Rohan Chakravarty is a student at Harvard Law School and a member of the Labor and Employment Lab.
During the 2024 presidential campaign, both President Trump and Vice President Harris expressed support for eliminating taxes on tipped wages. The President did so in June 2024 after a Las Vegas server complained to him about the taxes. In August 2024, also in Las Vegas, Vice President Harris promised to “eliminate taxes on tips for service and hospitality workers,” a seemingly more circumscribed policy than the proposal from Trump.
Since the Presidential candidates announced their support for the tax move, Senator Cruz has introduced the No Tax on Tips Act, to allow taxpayers to deduct the amount earned by cash tips from their taxable income. The bill was supported by Democratic Nevada Senators Cortez Masto and Rosen. Florida Representative Byron Donalds later introduced a companion bill in the House. And at least 20 states have had similar proposals move through their state legislatures, although none have yet passed.
That these policy proposals were first made in Nevada makes sense given that Nevada has the highest concentration of tipped workers of any state. In a statement, the Culinary Workers Union of Nevada wrote that “this bipartisan legislation will allow hospitality workers to keep their tips without paying federal income tax on them,” describing such taxation as “unfair.”
Nonetheless, the most recent House budget resolution did not eliminate taxes on tips, despite President Trump’s campaign promise to do so. How should worker advocates understand the proposal?

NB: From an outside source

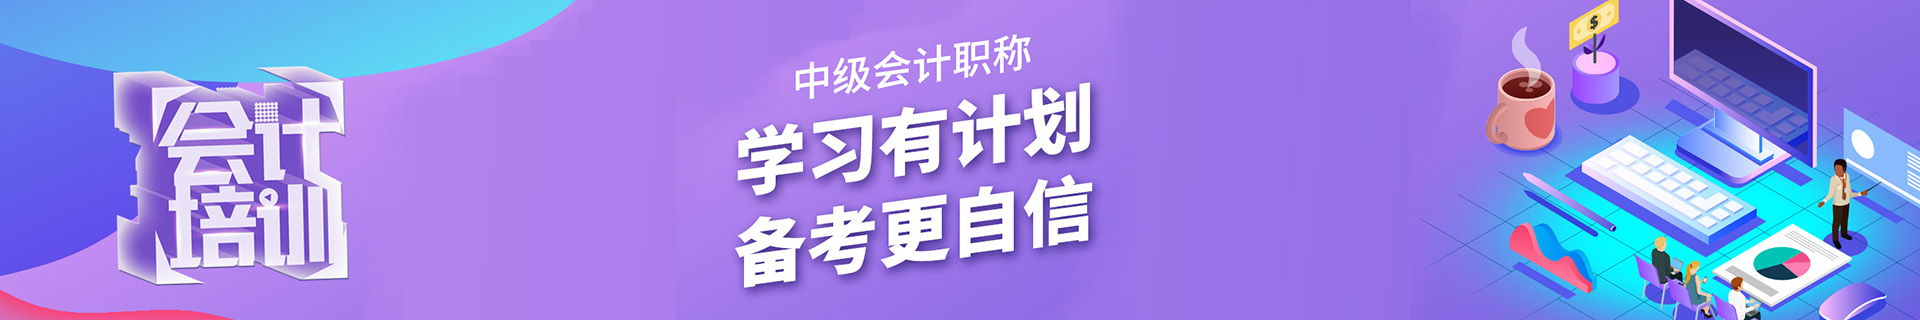 上海闵行颛桥仁和会计培训机构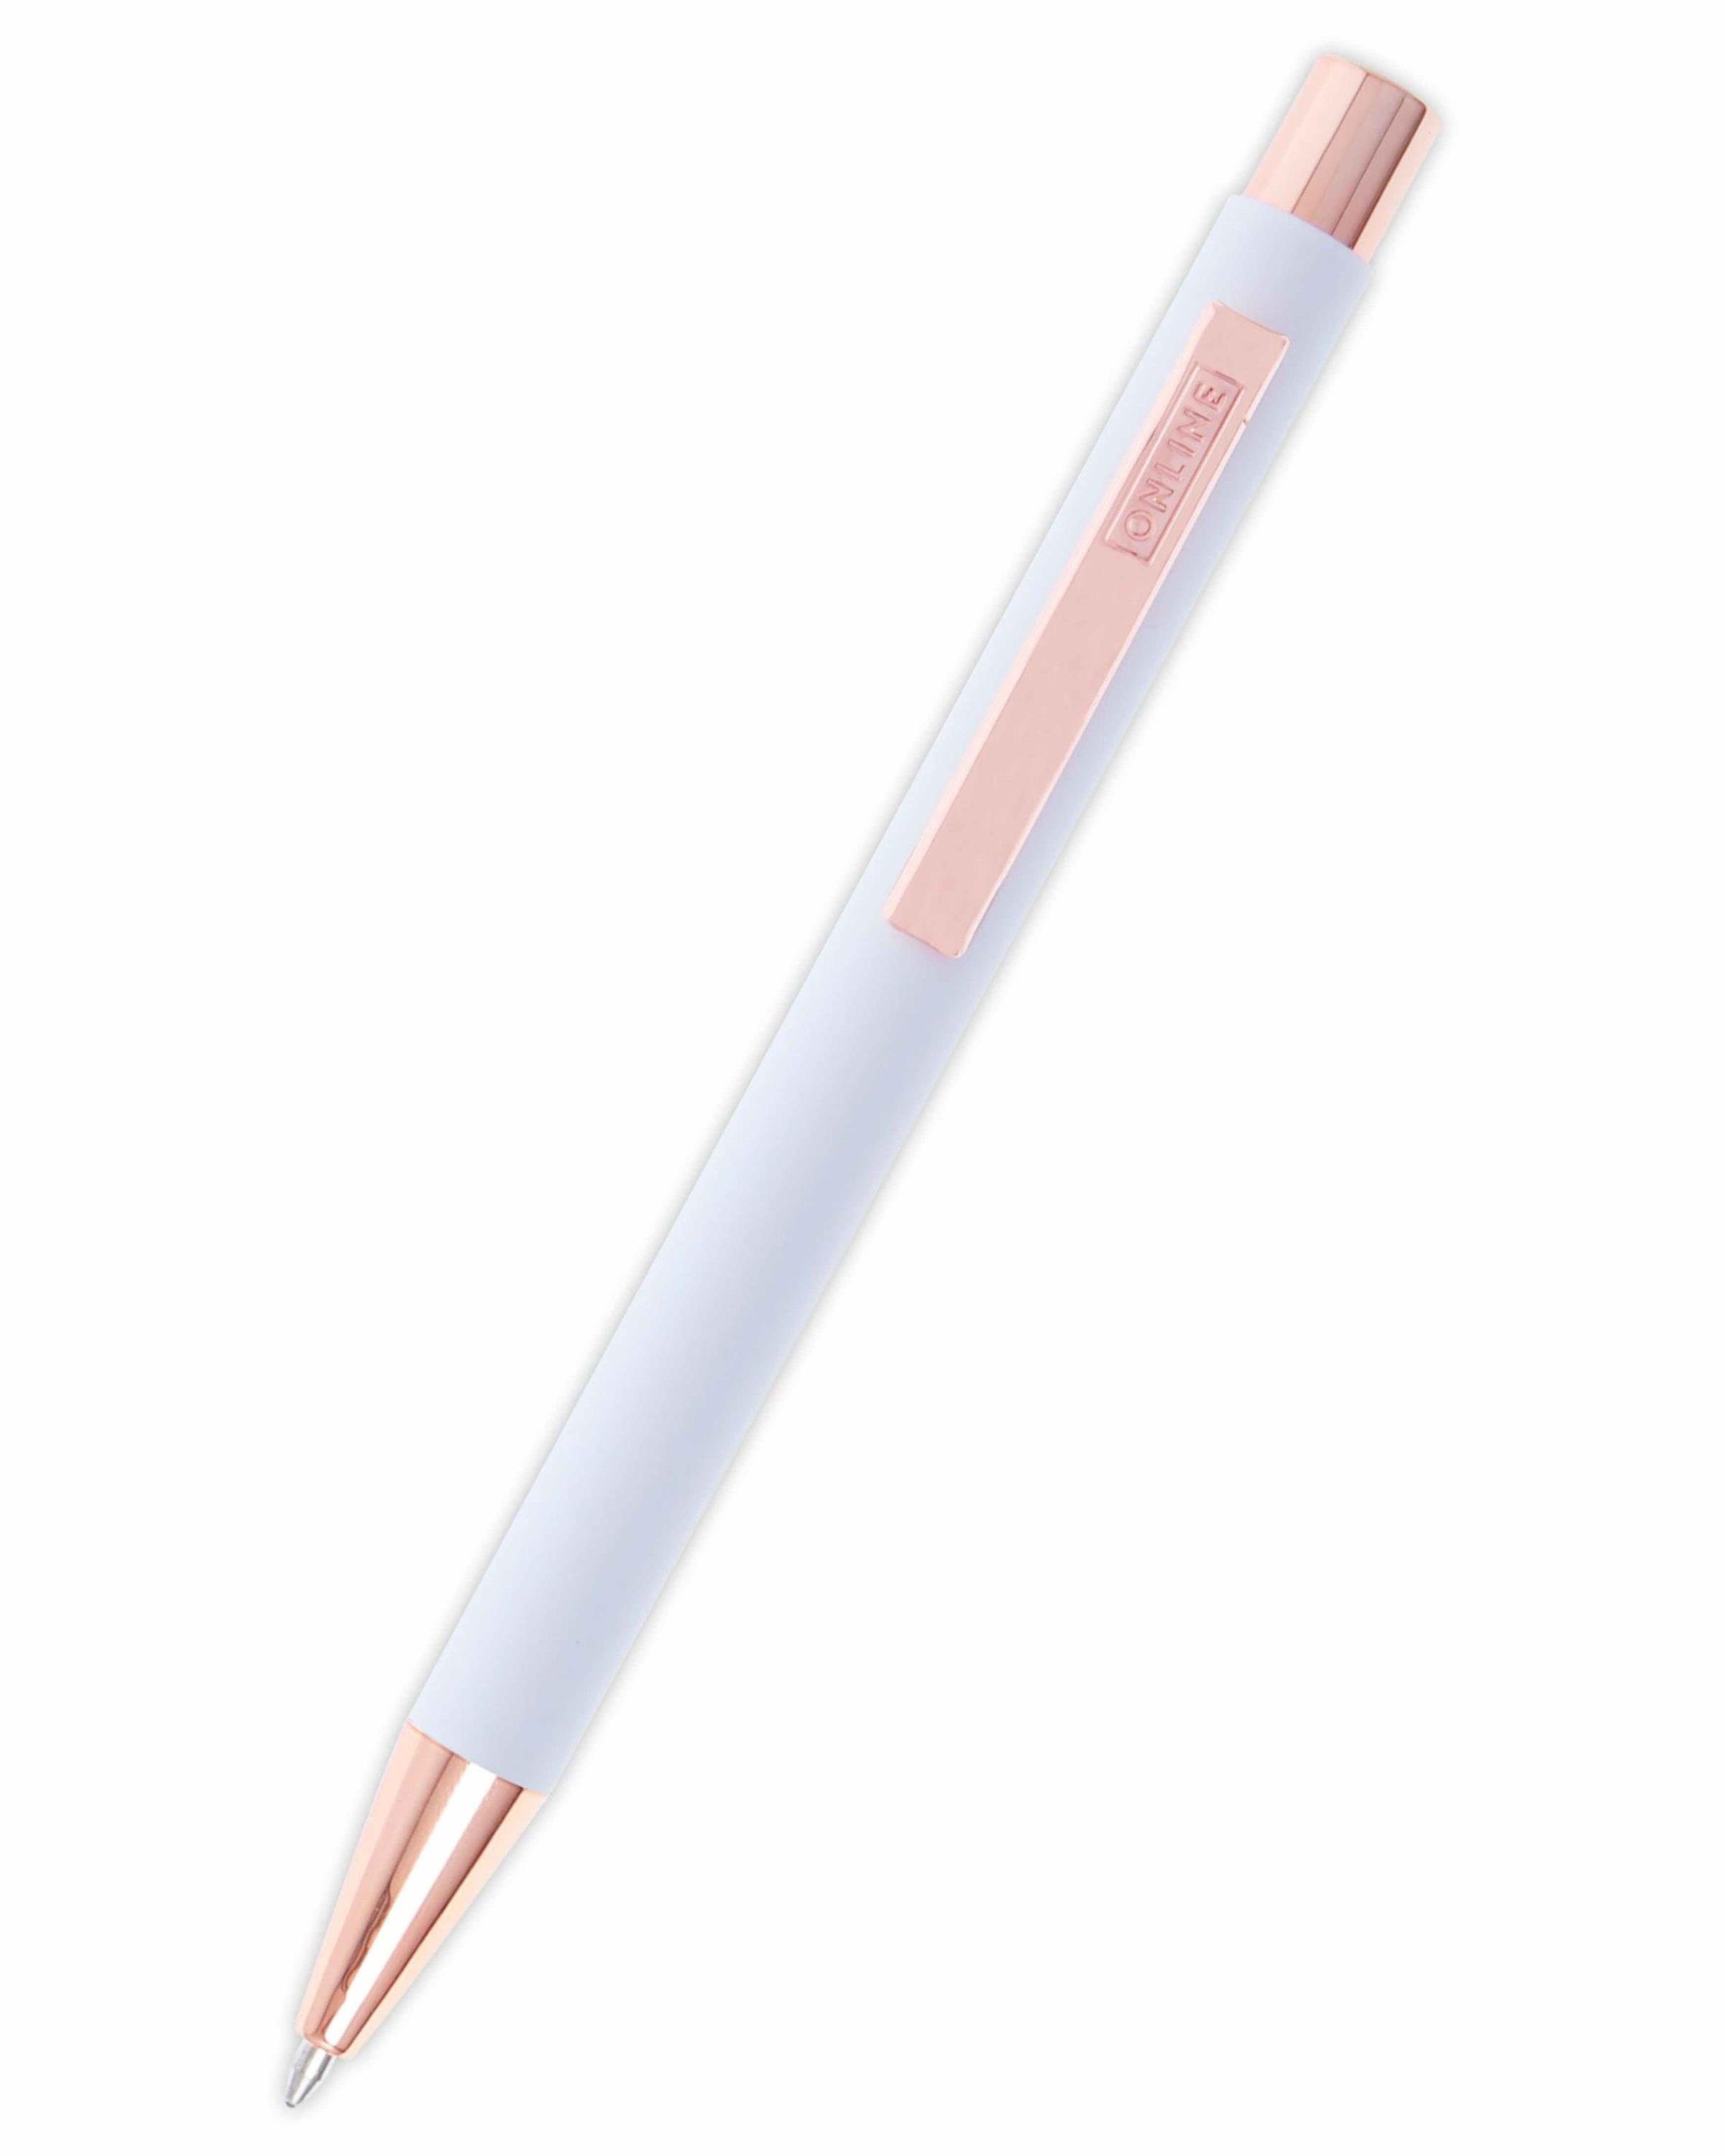 Online Pen Kugelschreiber Soft Metal Druckkugelschreiber, aus Aluminium, mit Softtouch-Feeling

Theoretically, there are at least three ways Congress might eliminate taxes on tips. First, as Senator Cruz has proposed, Congress could allow tipped employees to deduct the amount they receive in tips in a given year from their total taxable income for that year. Second, Congress could amend the Internal Revenue Code to exclude tipped wages from ordinary income. This differs from the first option because it would mean that the employee would not have to report tips to the IRS or seek any tax refunds because of tips at the end of the year. Third, Congress could offer tax credits at the end of each year to people who earn part of their income through tips, similar to the Earned Income Tax Credit (EITC) for low-income workers.
But it is worth reflecting on who these proposals leave out. First, perhaps obviously, the proposal only benefits tipped workers and leaves out huge numbers of other low-income workers who don’t earn tips. Indeed, over 90% of hourly low-income workers do not get tips. Further, as One Fair Wage, a nonprofit dedicated to raising restaurant workers’ wages, wrote in a Facebook post, nearly ⅔ of restaurant workers couldn’t benefit from the proposal because they don’t make enough to file federal income taxes. And eliminating taxes on tips might actually hurt those restaurant workers who do pay federal taxes by raising their incomes enough such that they lose eligibility for other tax credits, like the Earned Income Tax Credit (EITC) and the Child Tax Credit (CTC).
It is also true that, even within the service industry, some workers get tips and others don’t. One might imagine that in a single restaurant, waiters and other front-of-house staff might qualify for the tax break on tips, while chefs, janitors, and other back-of-house employees would not see the same tax benefits. In tax circles, this is described as a “horizontal equity” problem; two employees may earn the same amount of income but have different tax burdens.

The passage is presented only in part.